Le "Bombardier blond" nous fait pénétrer dans les coulisses des séances photo à l'époque de l'âge d'or du bodybuilding

MUSCLE & FITNESS,
ce rassemblement coloré et dynamique de culturistes et d'informations sur le bodybuilding, n'est pas un magazine récent ayant bâti sa renommée d'un coup de baguette magique. Publié depuis plus d'un demi-siècle sous différents titres, il est dû à l'initiative d'un certain Joe Weider. Joe, surnommé "l'entraîneur des champions," l'a créé à la force du poignet à partir de pages tâchées d'encre, imprimées sur une ronéo dans l'appartement de sa mère à Montréal.
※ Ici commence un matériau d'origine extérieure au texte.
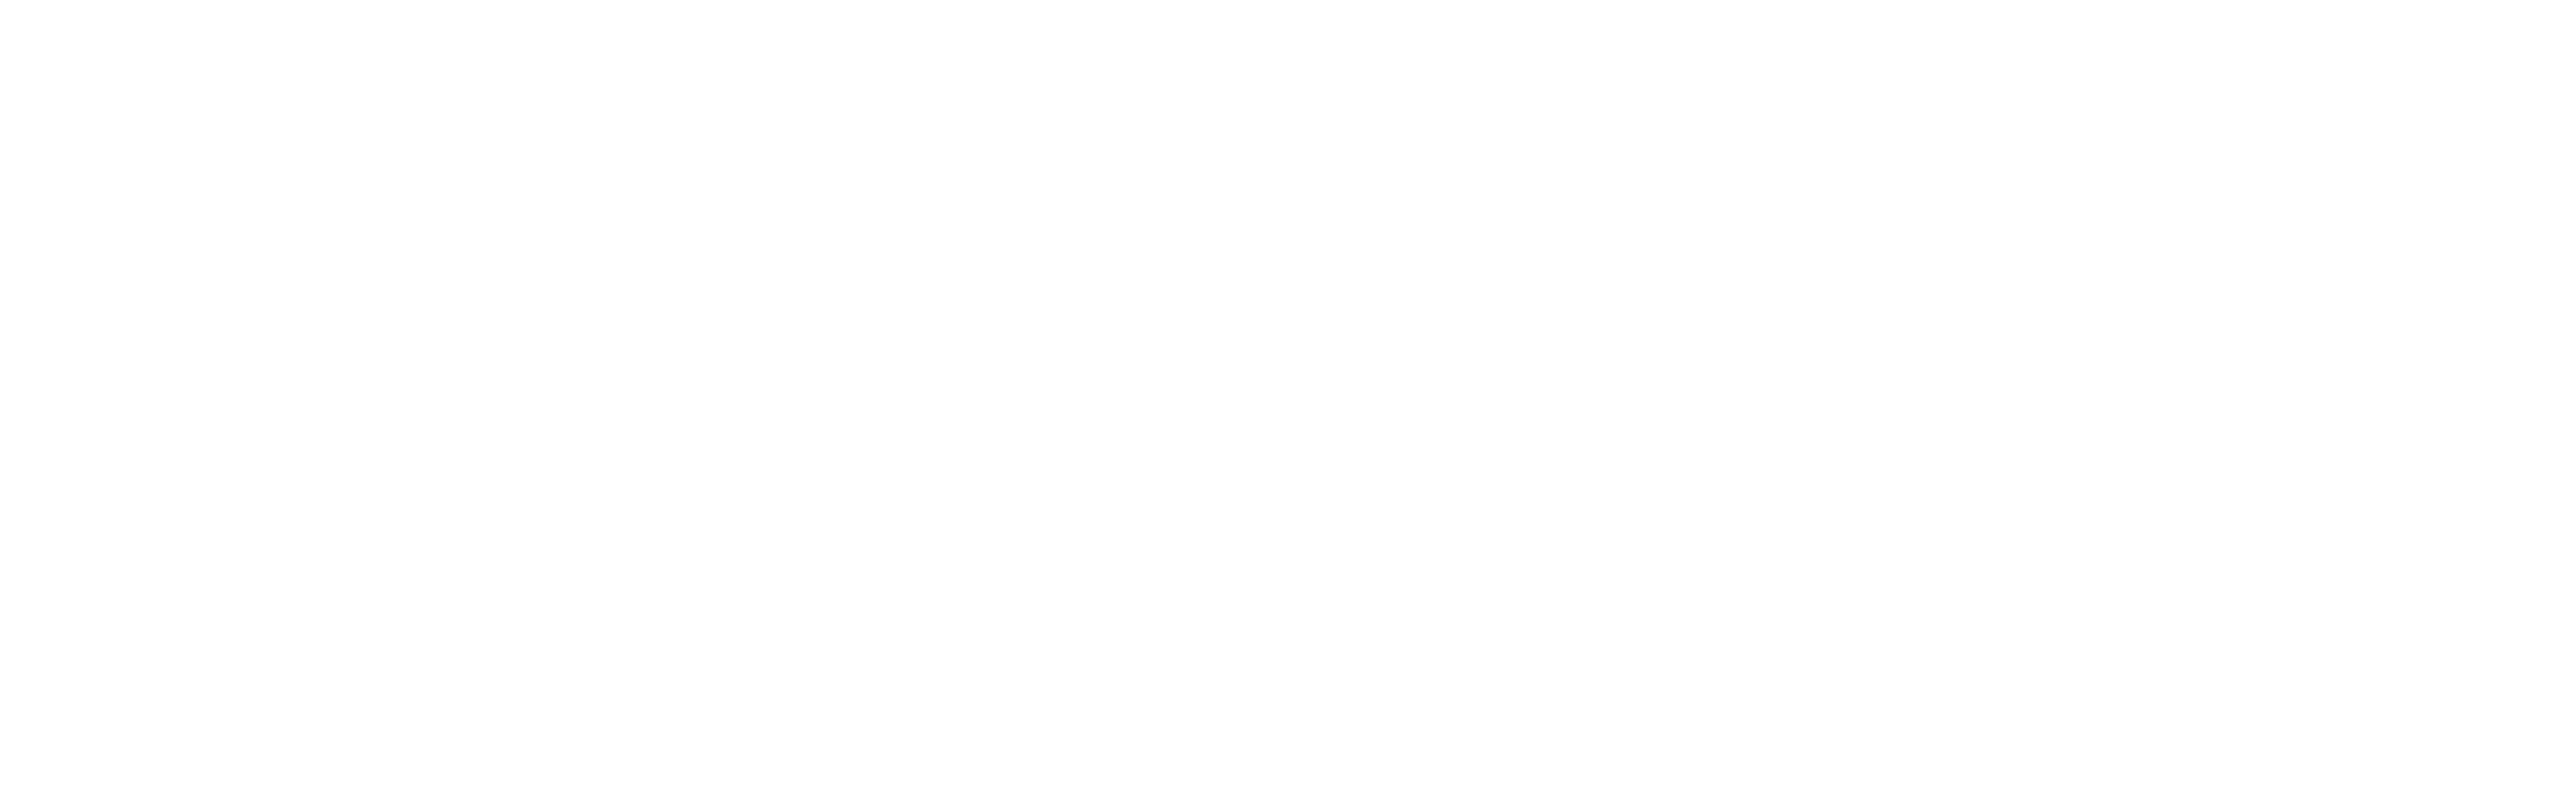 Mississippi Grind logo

Il lui a insufflé cette spectaculaire vitalité, reflet de sa propre vision du muscle et de la puissance.
Je fais partie des personnages qui ont joué un rôle dans cette vision raffinée et j'ai incarné le M. Amérique et le M. Univers de ce rêve qu'il offrait au monde. Je suis apparu sur la scène du culturisme au début des années 60 et, dès lors, j'ai rempli les pages de ses magazines, embelli leurs couvertures et, grâce à ces attrayantes photos prises sur les plages californiennes, j'ai colporté des récits remplis de joie, de promesses et d'espoir à l'usage des jeunes comme de ceux qui n'avaient rien perdu de leur jeunesse du cœur.
Je me remémore ces jours joyeux où j'arborais un large sourire, bandais mes muscles et batifolais avec des baigneuses sexy au cours d'après-midis dingues de farniente au soleil. Les rouleaux azur du Pacifique déferlaient puissamment sur la plage, d'énormes nuages frangés d'argent caressaient l'horizon et les chiens s'amusaient à pourchasser les mouettes le long de ces immenses étendues de sable.
Allez-y, plongez. L'eau est bonne. La vie est magnifique.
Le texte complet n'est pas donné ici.